About this exercise
Return the data that follows exactly as it appears. Pictures do not belong in the copy.

Source material

____

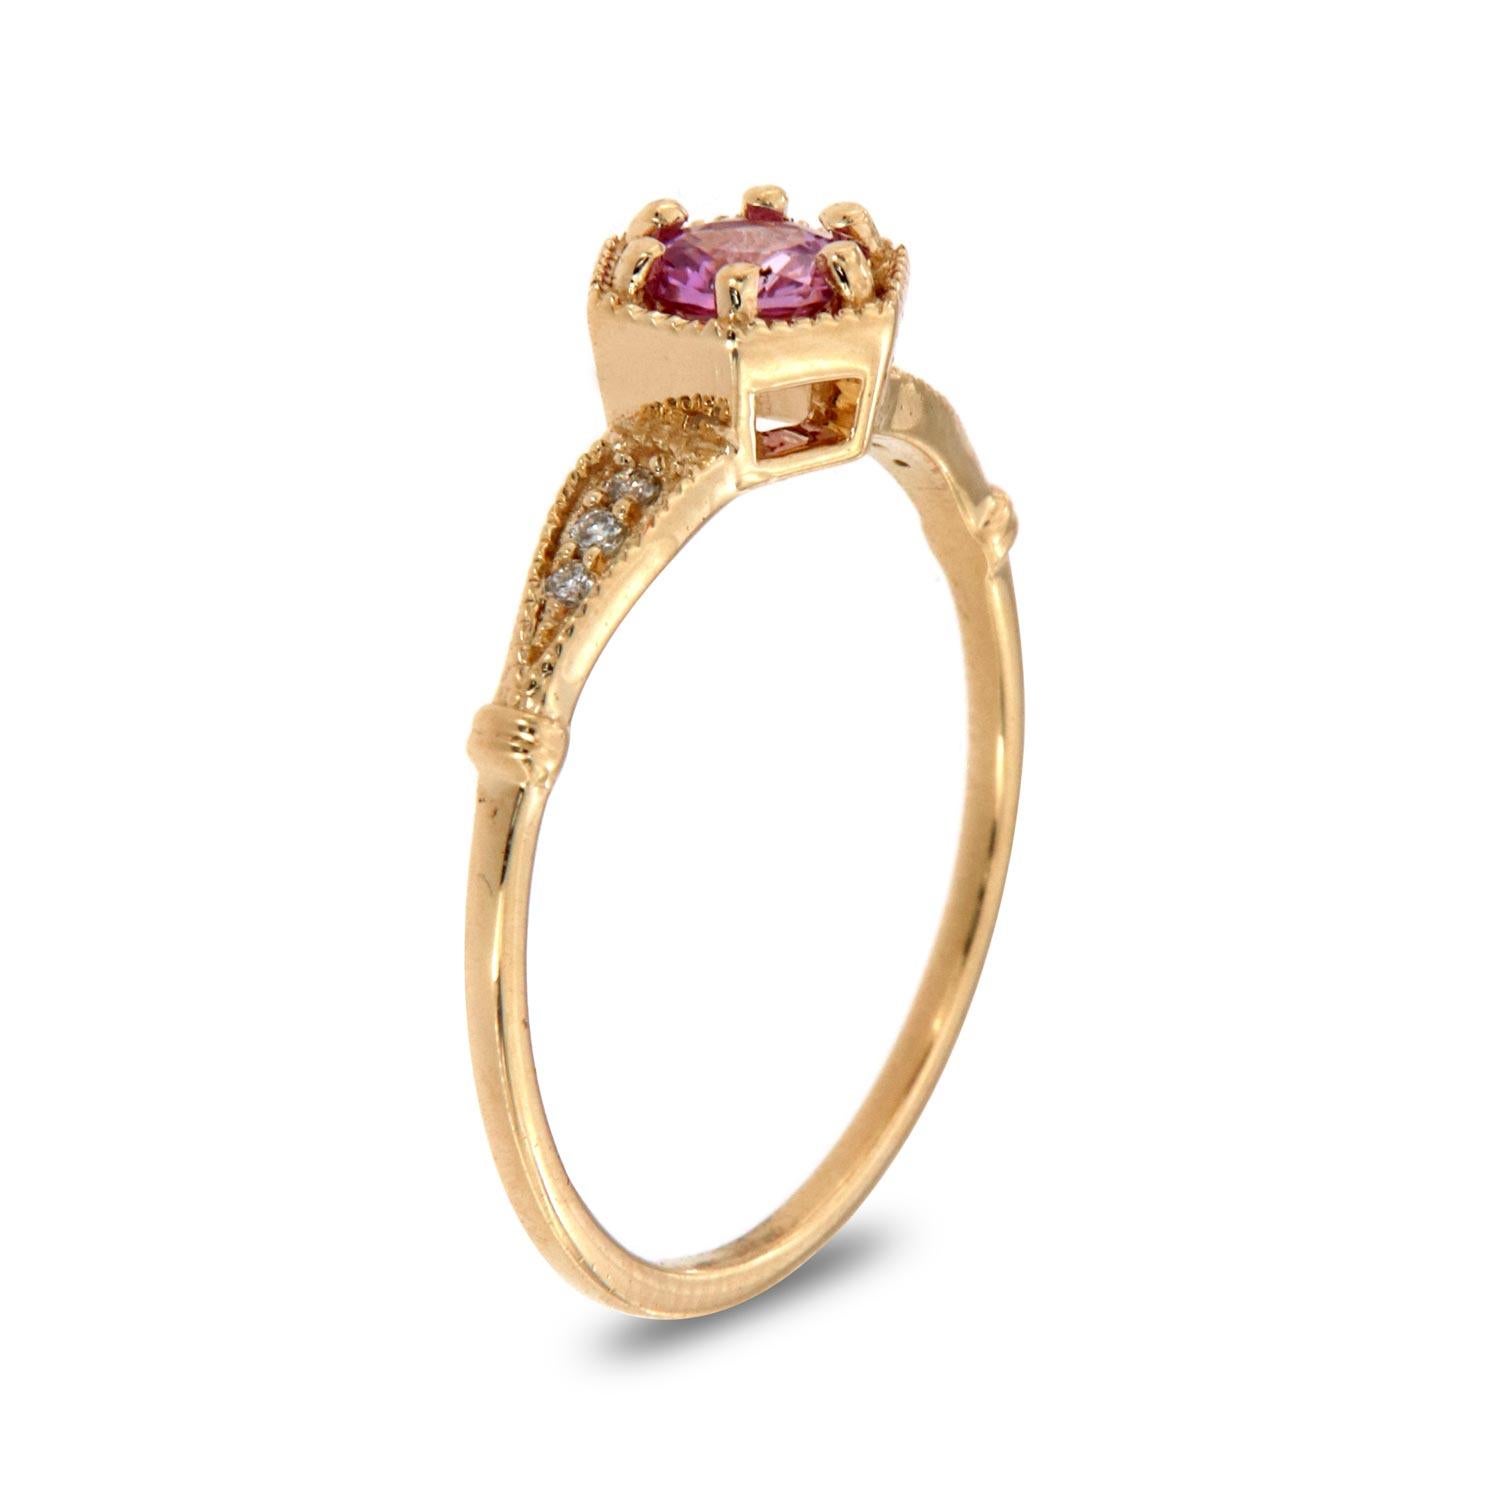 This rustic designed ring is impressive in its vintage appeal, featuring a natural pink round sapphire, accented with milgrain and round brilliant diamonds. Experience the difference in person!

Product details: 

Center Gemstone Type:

____

Exercise answer
 This rustic designed ring is impressive in its vintage appeal, featuring a natural pink round sapphire, accented with milgrain and round brilliant diamonds. Experience the difference in person!

Product details: 

Center Gemstone Type:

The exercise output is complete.